# Job Finding Tips for Engineer in Dubai (Aviation/Mechanical Industries)



## mh8784 (Feb 4, 2014)

Hi all, I am an Aeronautical Engineer from the UK visiting Dubai and trying to find work. 

My case is a bit odd that I am only 23 and I only have 1 year's experience in the UK - but because of some personal circumstances I want to move to the UAE. I am looking for work anywhere in the UAE (esp. Abu Dhabi and Dubai).

I have been told that as Muslim and UK National I have an advantage in the industry. My masters degree is in Aerospace engineering but it overlaps majorly with Mechanical engineering, so I can work in aviation, mechanical, oil/gas (nuclear??) industries.

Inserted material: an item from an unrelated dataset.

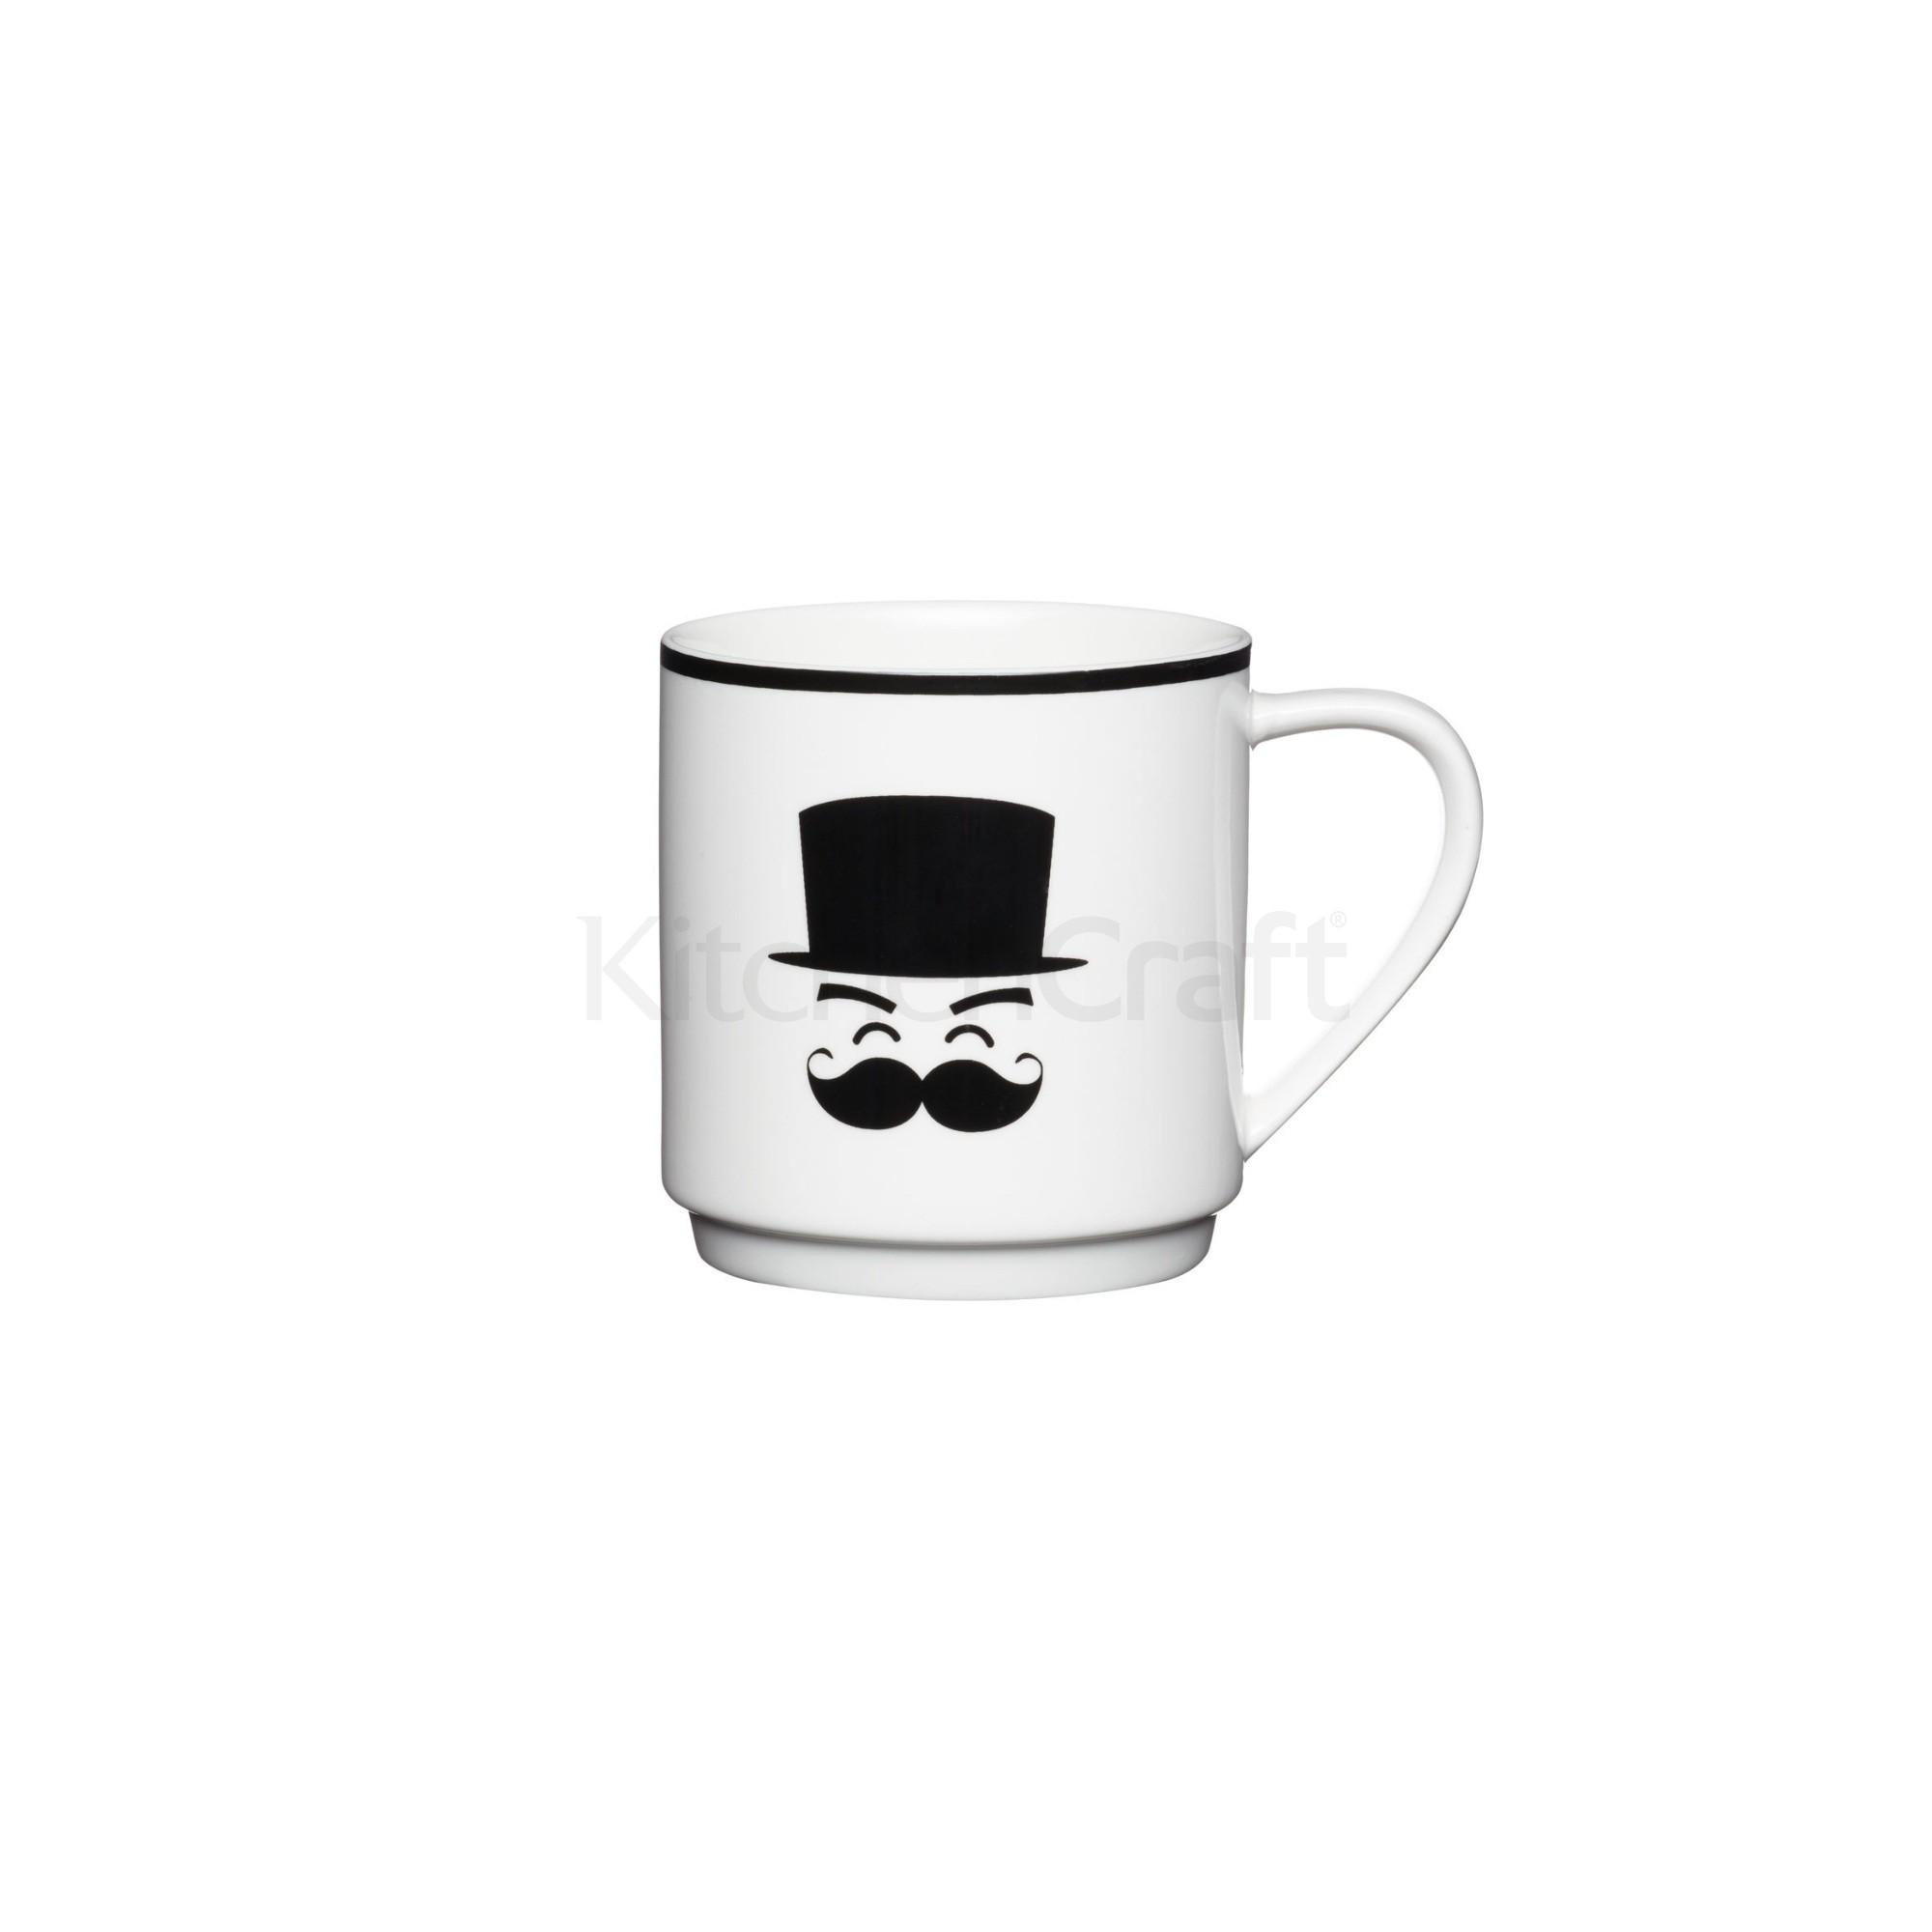 Κούπα Μουστάκι Στοιβαζόμενη 340ml home   ειδη cafe τσαϊ   κούπες   φλυτζάνια

I have a long list of general job agencies and some idea of engineering companies where I can make speculative applications, but it will be great for me if any of you guys can give tips which will help me in focus my endeavours a bit more. 

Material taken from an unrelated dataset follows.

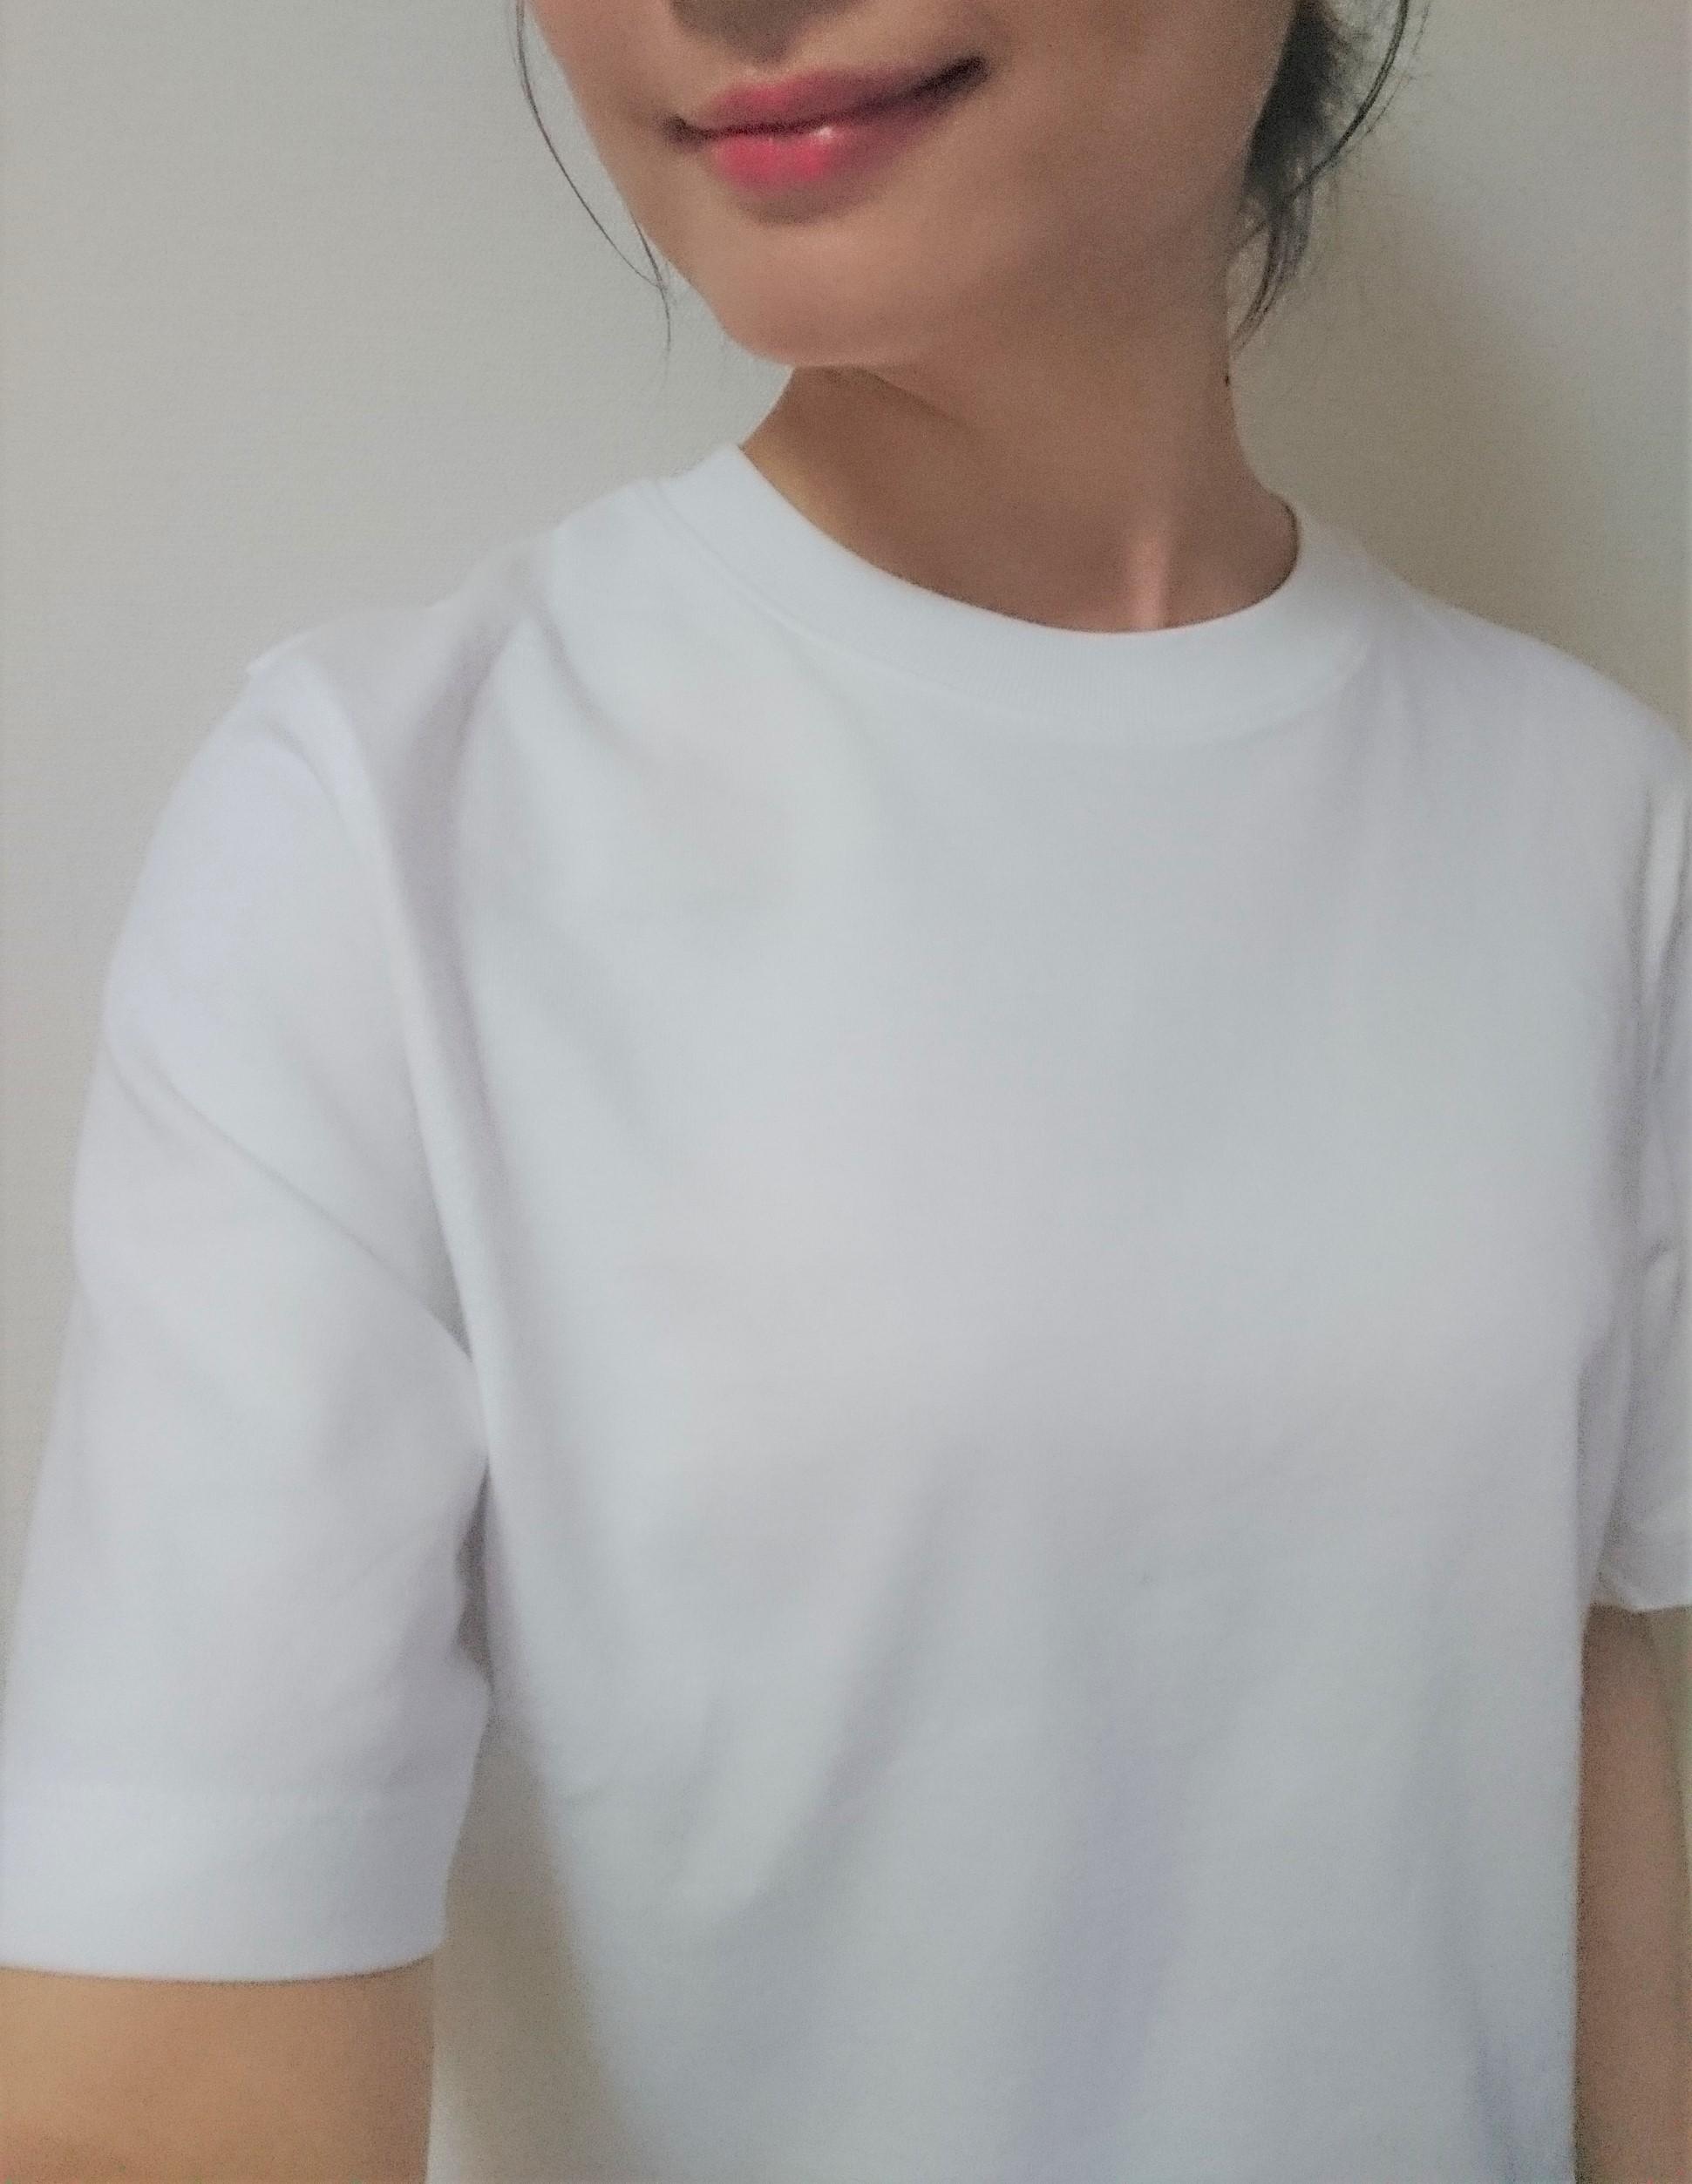 ユニクロのTシャツ特集 - UTやユニクロ ユーなど、夏の定番無地Tシャツ、限定コラボTシャツまとめ_15

Oh and it's my first time in Dubai so I hope you can at least help me in getting the most of my visit as a tourist!

Your help will be appreciated. 

Hammad


----------



## shams98 (Dec 19, 2014)

Google for The 10 simple Tips to find great job in Dubai you can find my tips. I am not able to post links

all the best.


----------



## twowheelsgood (Feb 21, 2013)

Try reading the Stickies first.

Your religion will have little or no bearing as you are a Brit, not an Emirati.

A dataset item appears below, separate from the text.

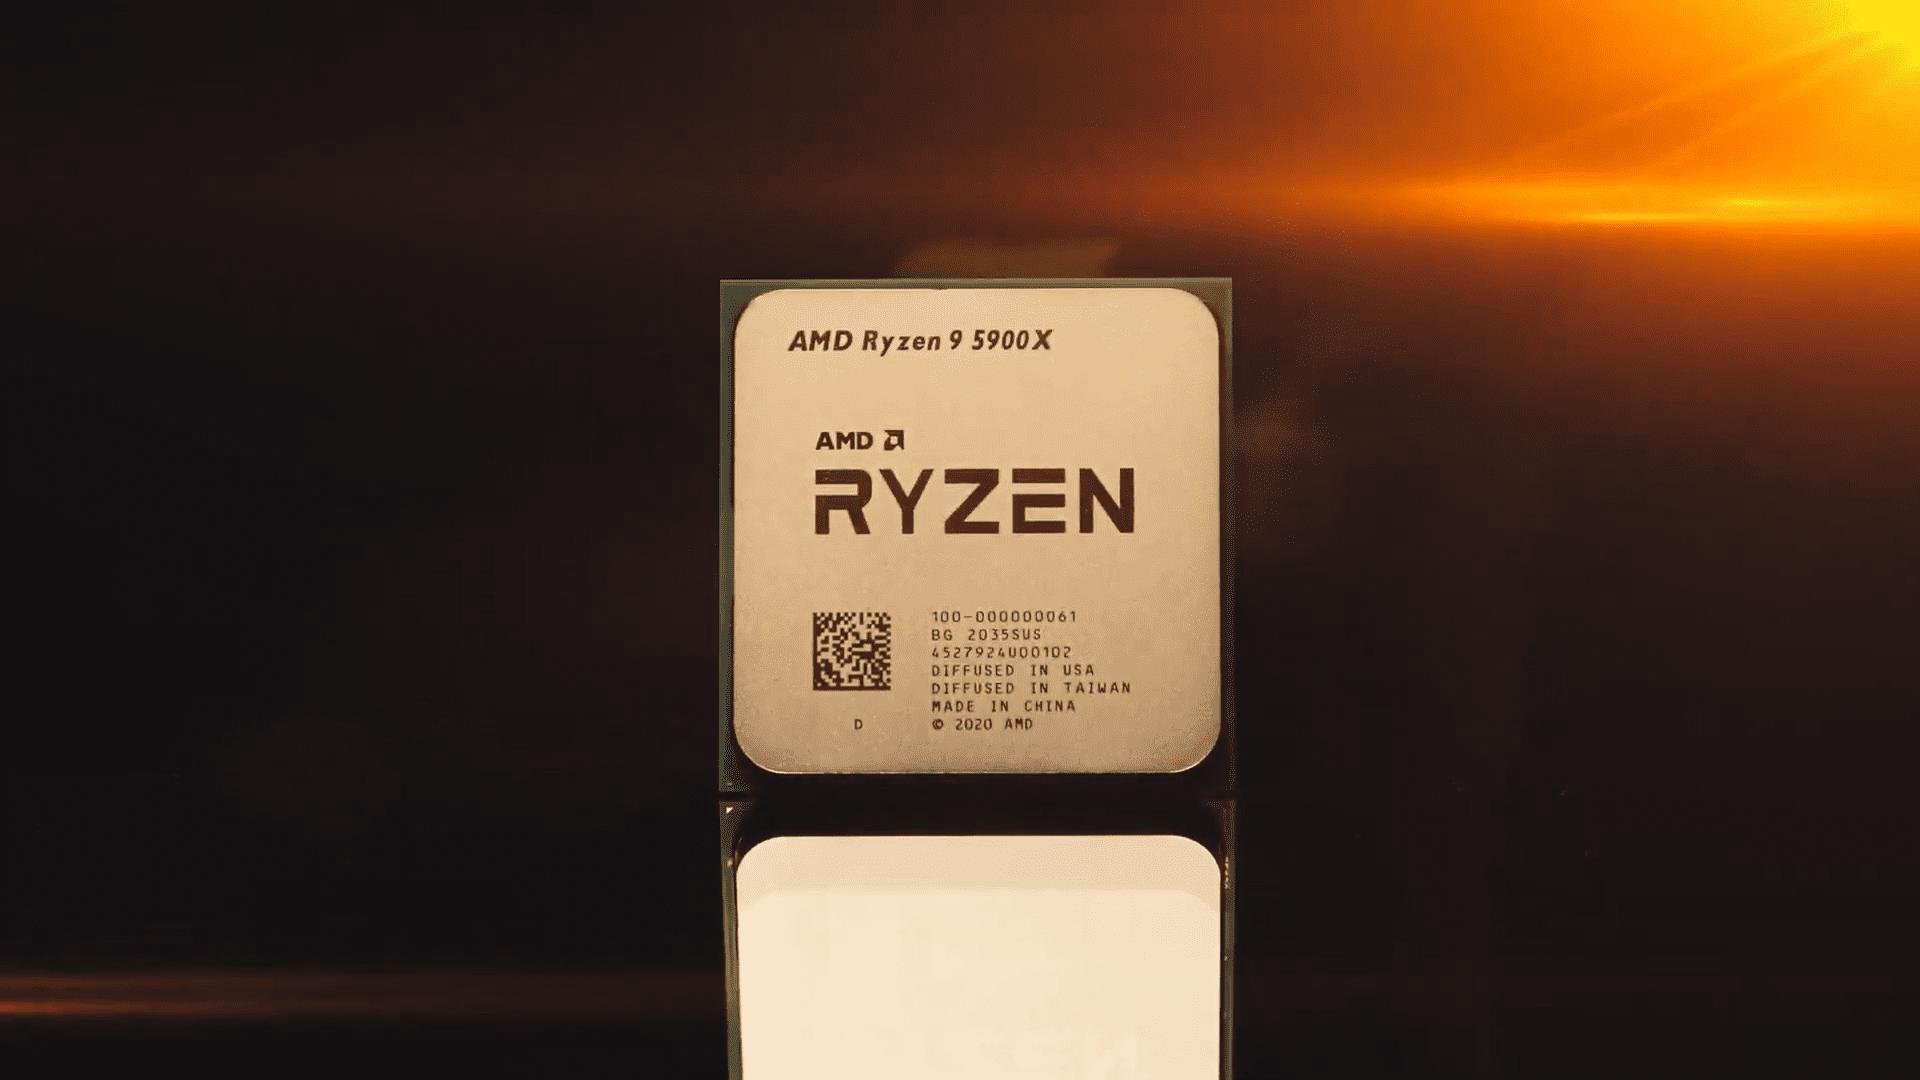 O Ryzen 9 5900X é o processador doméstico mais poderoso para games da AMD. (Foto: Reprodução/YouTube/AMD)

As a Brit, you may find a lot of the lower paid jobs denied you because people from other countries generally do those and with only one your experience, you may find you struggle.

The UAE doesn't use many aeronautical engineers as there is no aerospace industry here - AMMROC may be interested but I am guessing they will want highly experienced people.


----------



## Stevesolar (Dec 21, 2012)

twowheelsgood said:


> Try reading the Stickies first.
> 
> Your religion will have little or no bearing as you are a Brit, not an Emirati.
> 
> ...


Hi,
Did you check the date of the OP's original question?

You got lured into answering because of rather late reply, before yours! 

Cheers
Steve


----------